6

I am trying to save and load scikit-learn model but facing issues when the save and load are happening on different python versions. Here what I have tried:

  1. Using pickle to save a model in python3 and deserialize in python2.This works for some of the models like LR,SVM but it fails for KNN.

    >>> pickle.load(open("inPy3.pkl", 'rb')) #KNN model
    ValueError: non-string names in Numpy dtype unpickling
    
  2. Also , I tried to serialize and deserialize in json using jsonpickle but getting the following error.

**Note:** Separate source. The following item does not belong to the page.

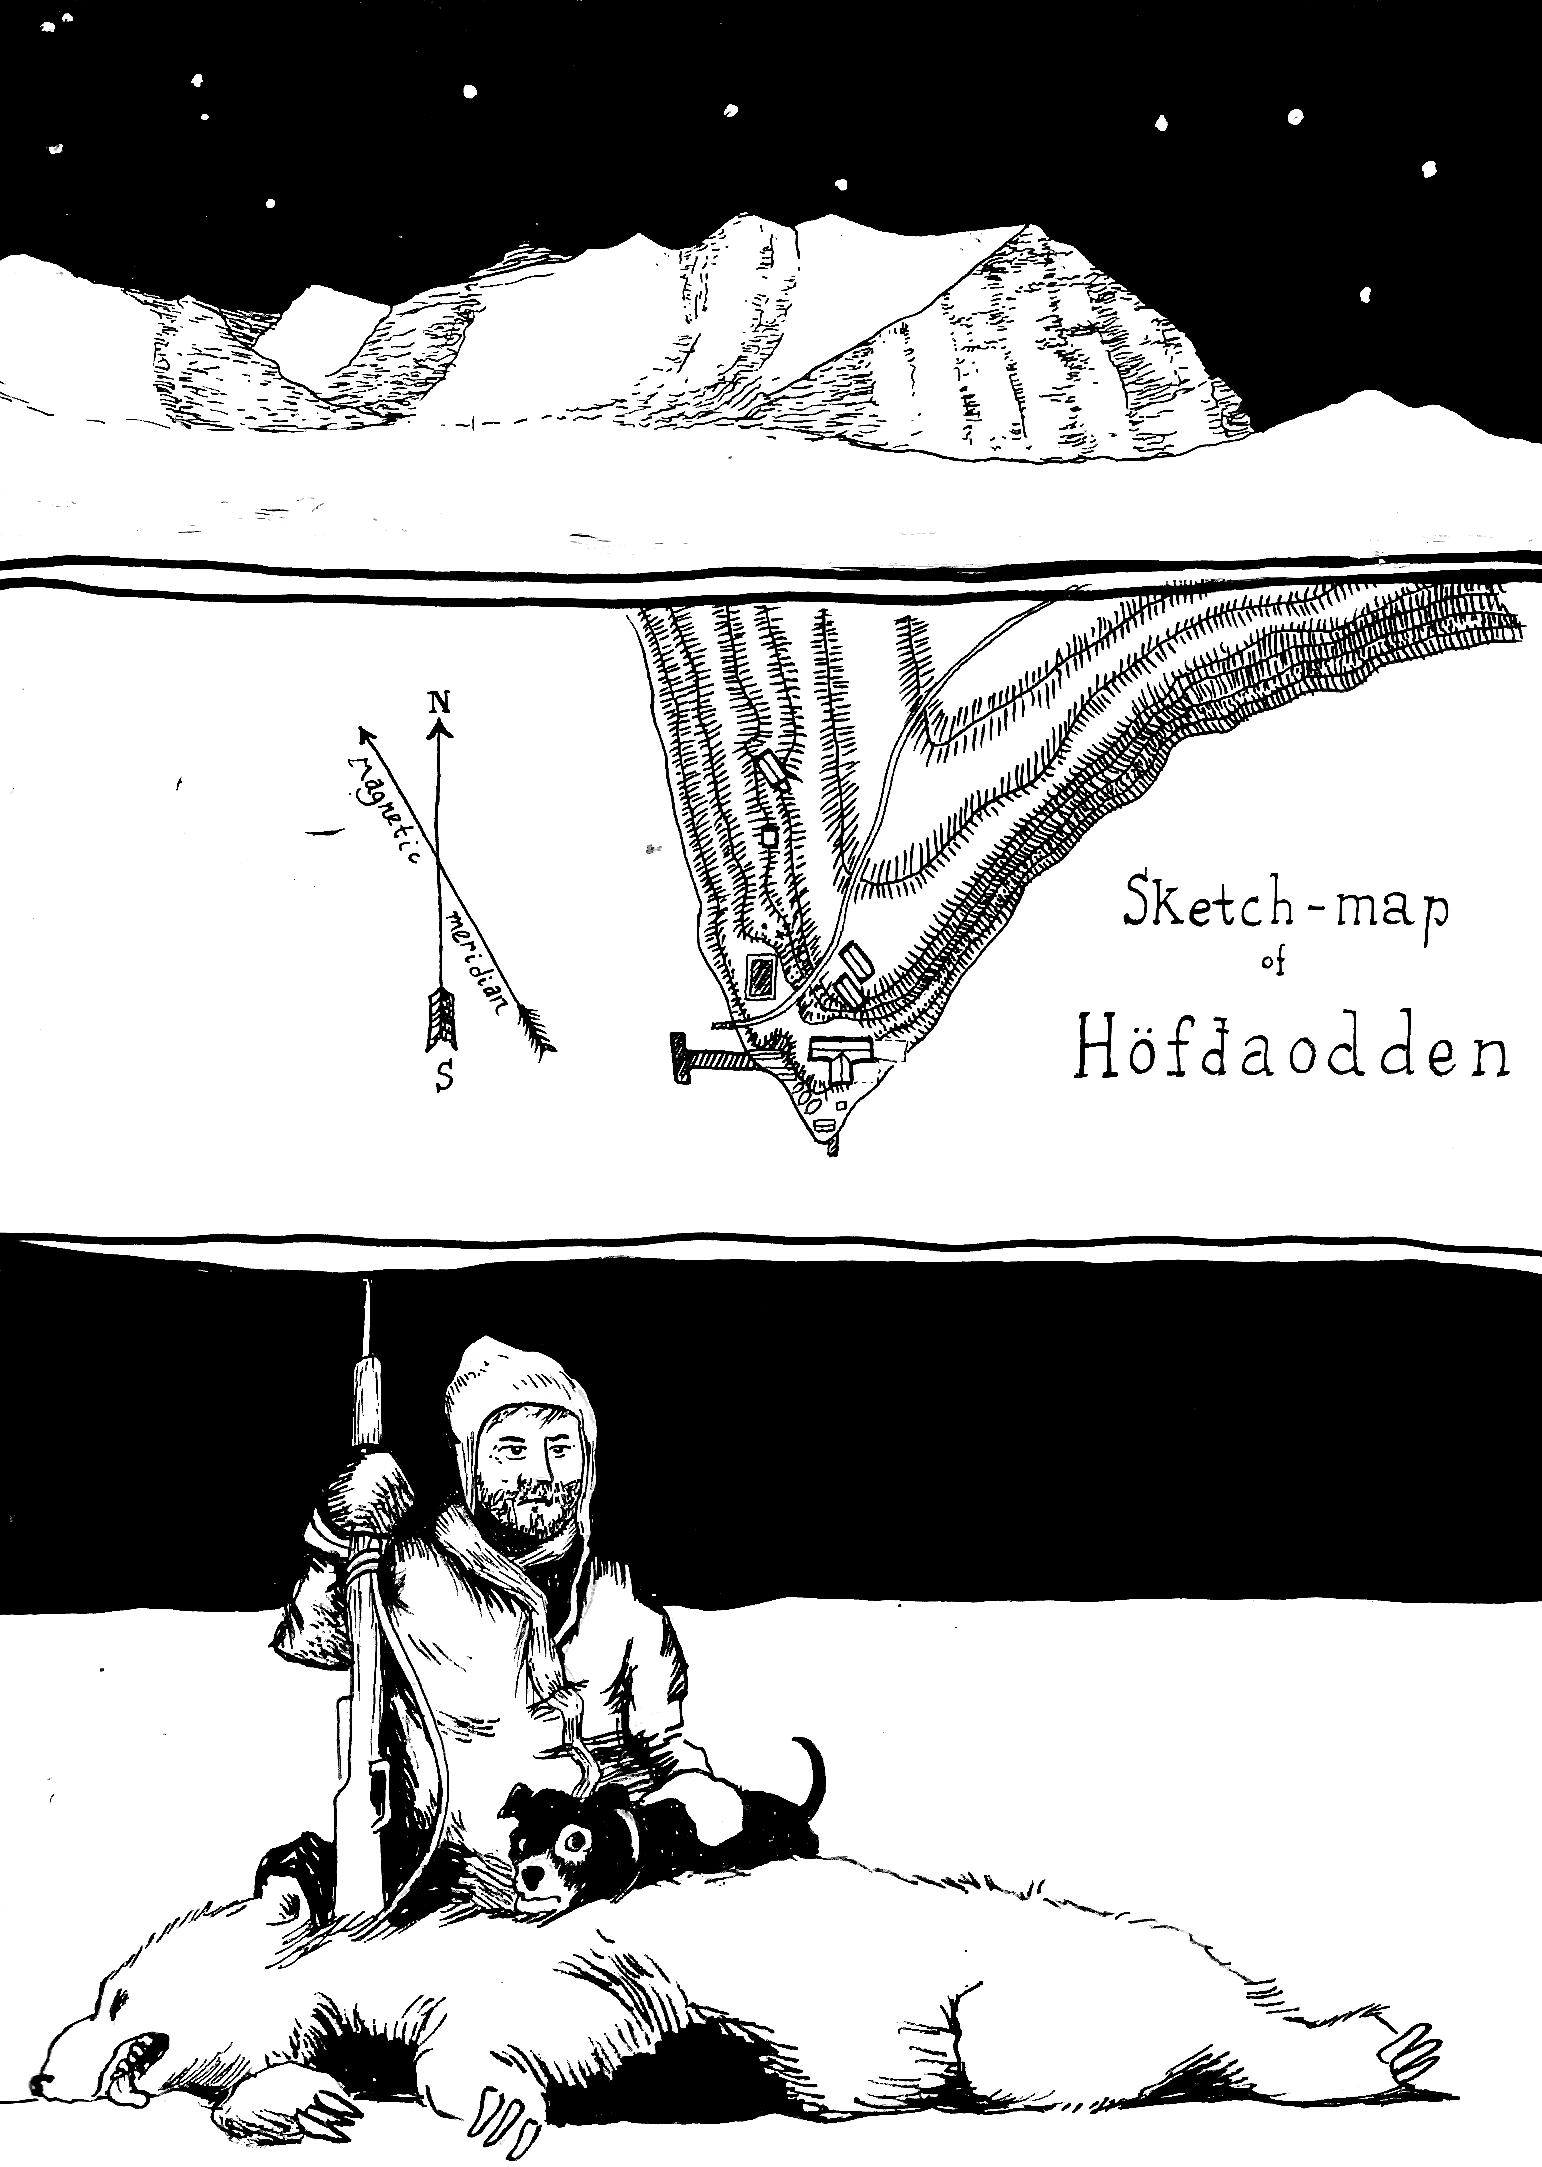 arctic sketches 2.jpg

    data = jsonpickle.encode(lr) #lr = logisticRegression Model
    jsonpickle.decode(data)
    AttributeError: 'dict' object has no attribute '__name__'
    

Also, I want to know if there is some utility which I can use to serialize and deserialize scikit-learn model objects to human readable format (json,xml,protobuf etc).

rishabh.bhardwaj
  • 378
  • 4
  • 12
  • I suspect this may be an issue with the pickling protocol you use. https://docs.python.org/3/library/pickle.html#pickle-protocols If you are going to pickle something in python 3 and need to use it in Python 2, use `protocol=2` keyword argument in the `pickle.dump` method, which is the highest protocol understood by pickle in Python 2. – juanpa.arrivillaga Jul 12 '16 at 05:58
  • @juanpa.arrivillaga I tried this but getting the same error. In python3:: pickle.dump(neigh, open("knn_ser_py3.pkl", 'wb'), protocol=2, fix_imports=True) , In python2:: reconstructed = pickle.load(open("knn_ser_py3.pkl", 'rb')) ValueError: non-string names in Numpy dtype unpickling – rishabh.bhardwaj Jul 12 '16 at 06:19

1 Answers1

2

Instead of pickling whole models, you can extract and store their coefficients. Then load coefficients and init models with them.

Related to sklearn upgrade question. Similar approach will be valid for python versions.

Julia Meshcheryakova
  • 3,162
  • 3
  • 22
  • 42